While noting that the heads and the communities must be sensitized to know that the university is supposed to have that universalistic approach, the don said, there is a need to improve the quality of the recruitment system by allowing universities to recruit proper and competent personalities from all over the world, not only from their localities.

On how he was picked as vice chancellor, he said: “I saw an advert in a newspaper and I was consulted by some colleagues asking me to give it a try. I applied based on their requirement and at a later time, we were invited for an interview. After the interview, I was called for the job.”

The Dean, Faculty of Environmental Sciences, Nasarawa State University Keffi, Prof Nasiru Idris, said the laws that established universities are very clear and the criteria for appointing vice-chancellors and other principal officers of tertiary institutions have not narrowed down the office to either university community or a particular region.

“Merits and scholarships always take the light of the day. As the name implies, University is universal. Be it a federal, state or private university, but local factors always prevail nowadays unlike the practice in the past,” he said.

He pointed out that Prof. Adamu Baikie from Kano State was at one time VC of the University of Benin; Prof. Isa Mohammed from Bauchi was one time VC of University of Calabar; while the current Tor Tiv from Benue was one time VC of the Federal University Dutsinma, Katsina State and a host of others.

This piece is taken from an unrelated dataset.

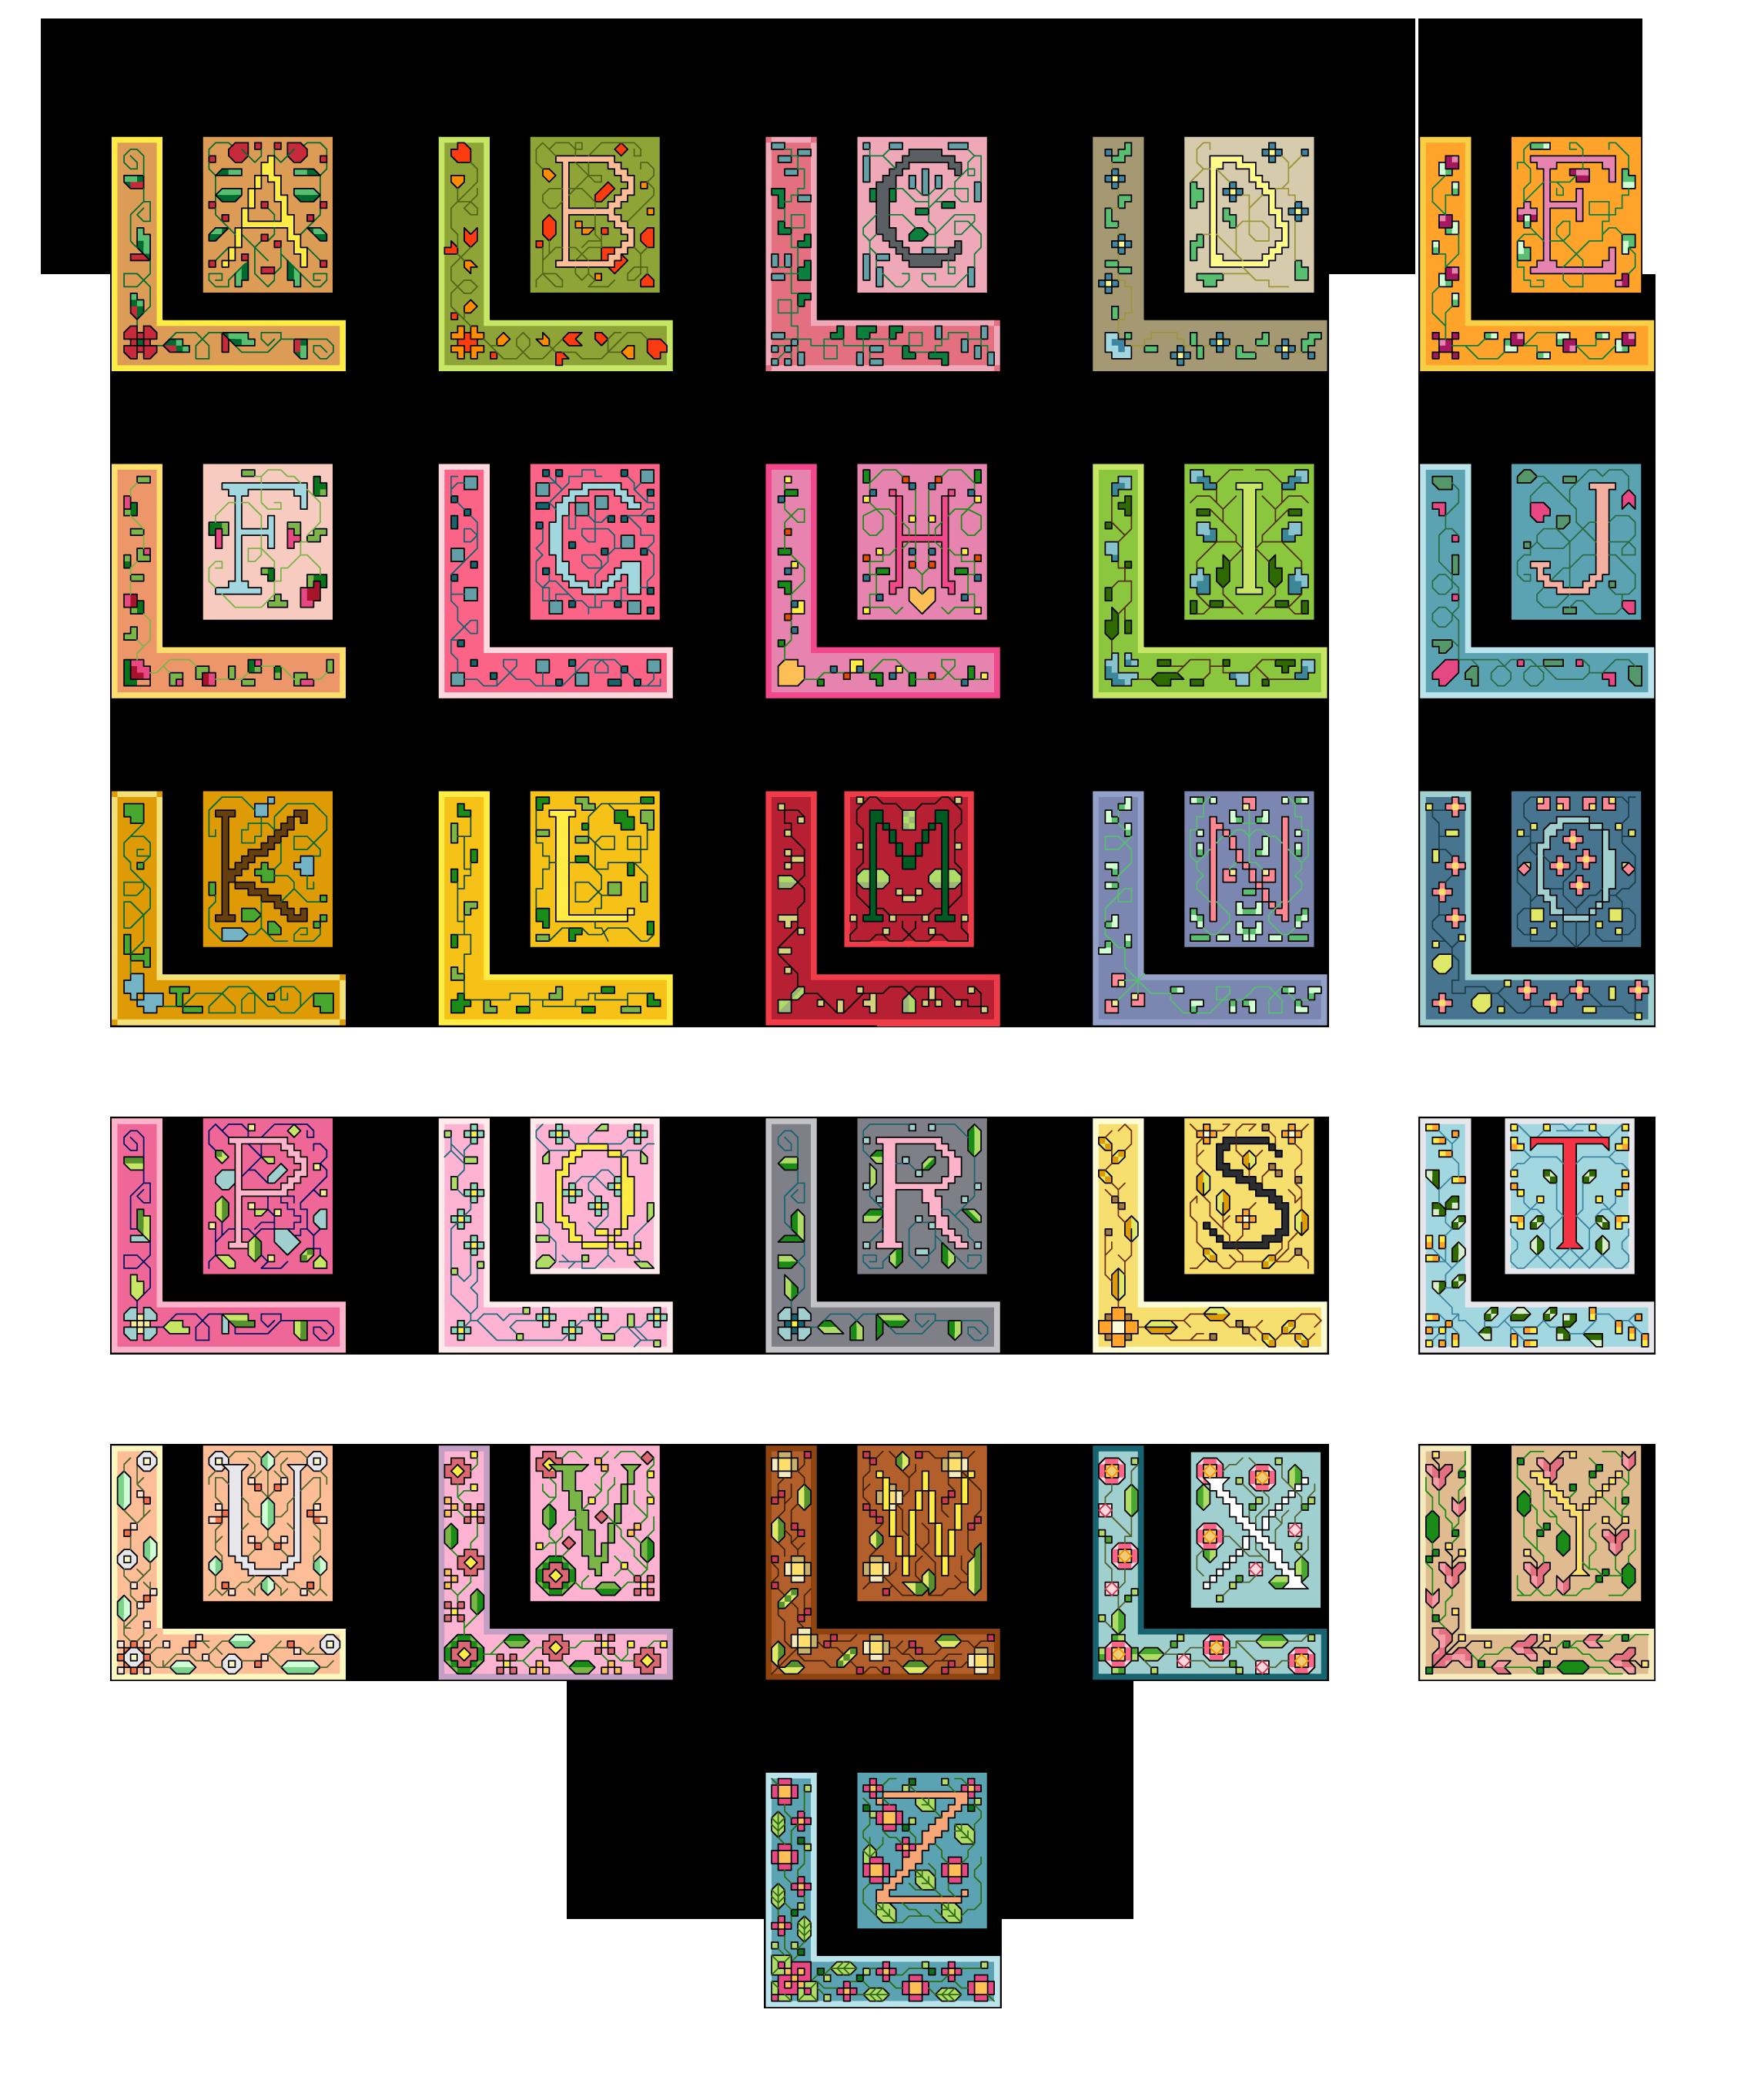 alfabeto maiuscolo con cornice doppia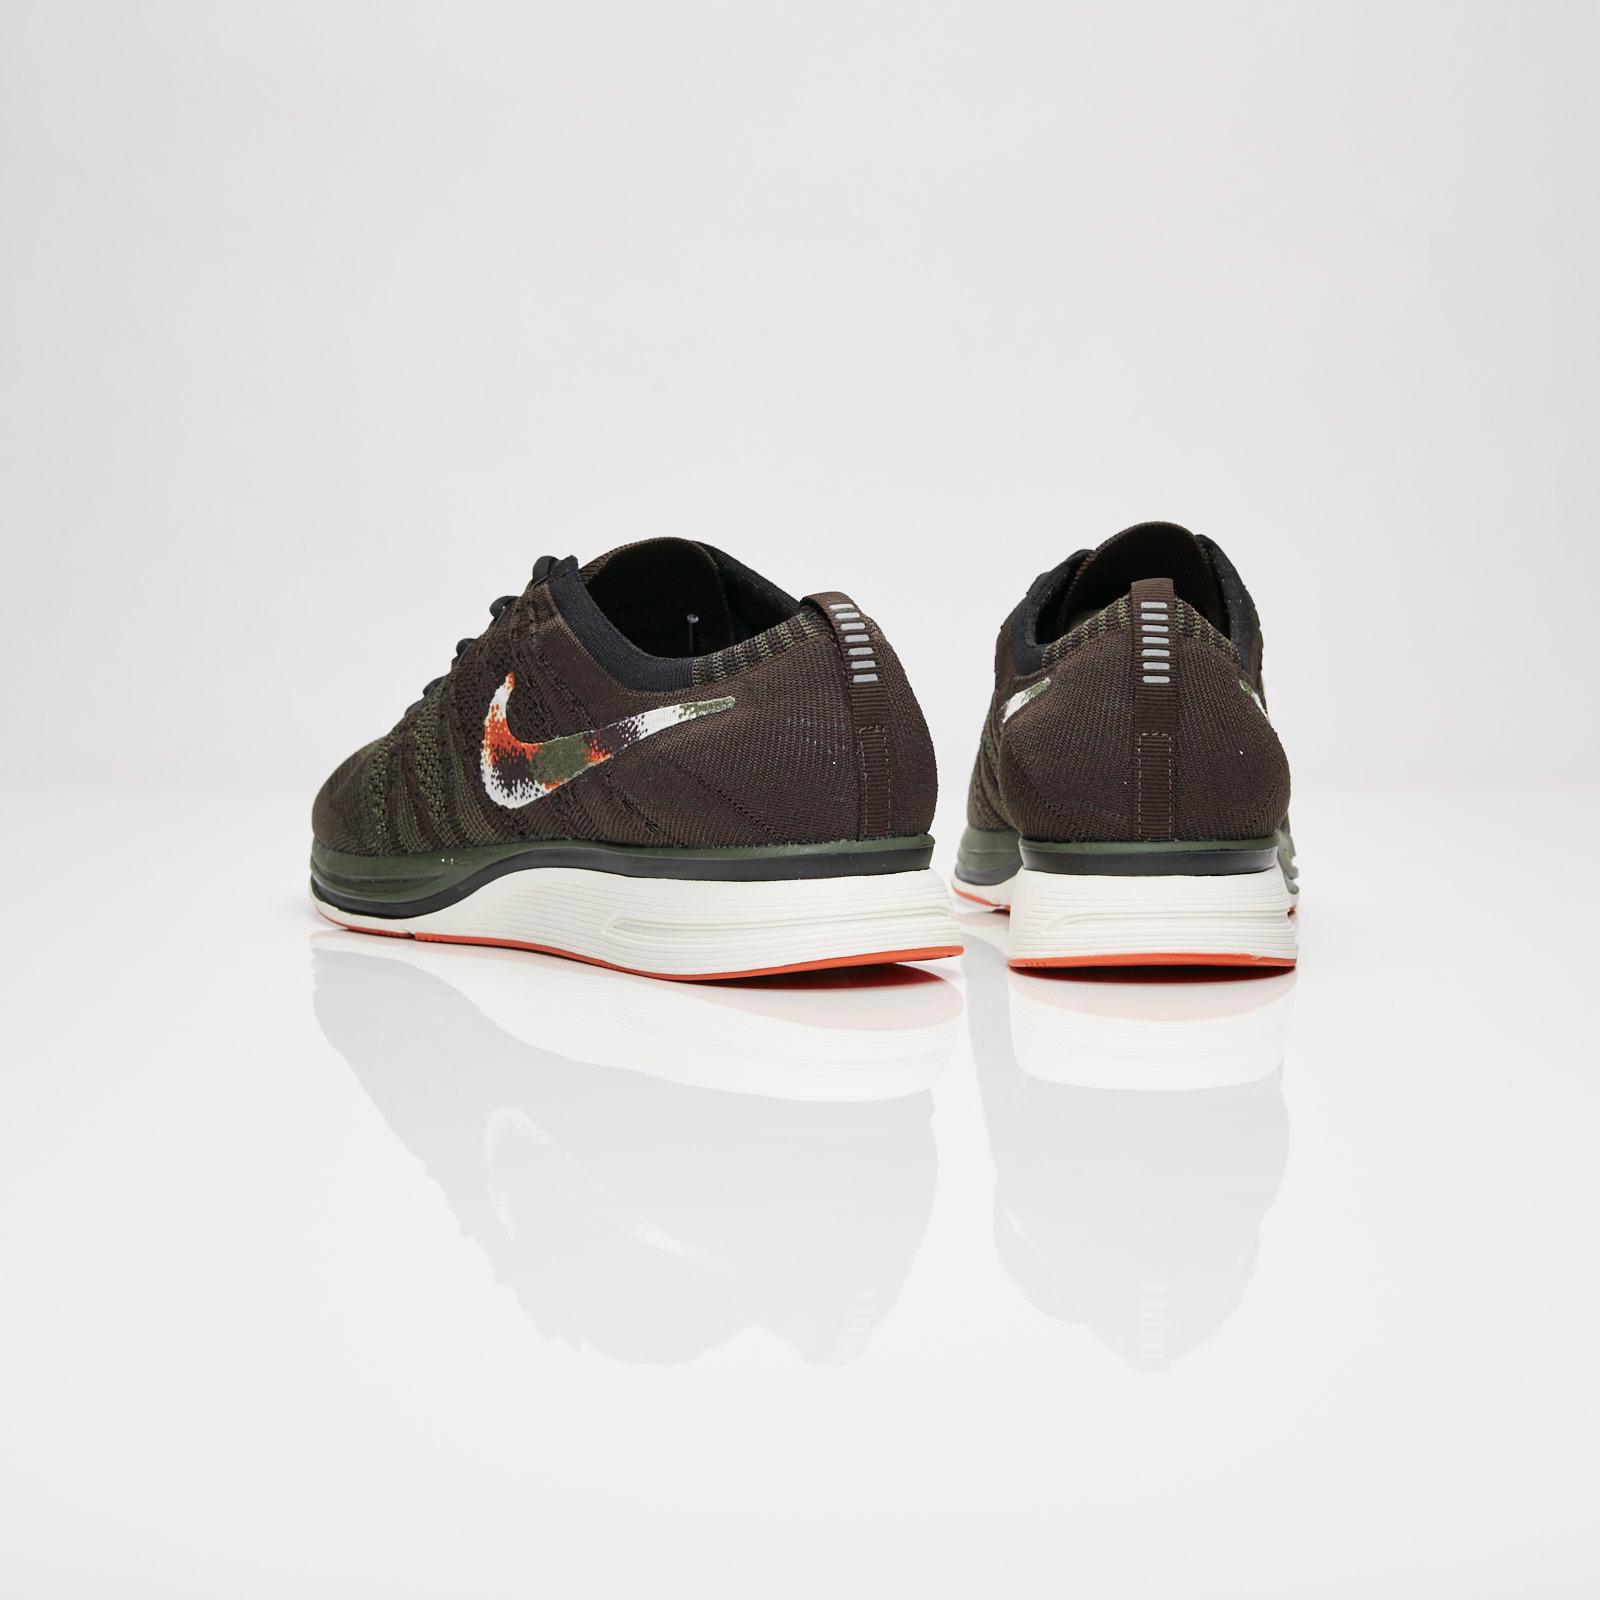 online retailer d1228 65f20 Nike Flyknit Trainer - Ah8396-202 - Sneakersnstuff   sneakers   streetwear  online since 1999

For the process to succeed, he advised that it should be transparent and all stakeholders should be involved without underlying motive.

“Most problems normally occur because some outgoing vice chancellors and chairmen of governing councils always want to impose who takes over from them and some university communities and other stakeholders would resist thus leading to crisis as we have seen in University of Ibadan and OAU and others,” he said.

The don, however, maintained that full university autonomy is the answer, adding that there should be no external influence, be it from the governor, president, minister of education or politicians regarding the appointment of vice chancellor and other principal officers of the university.”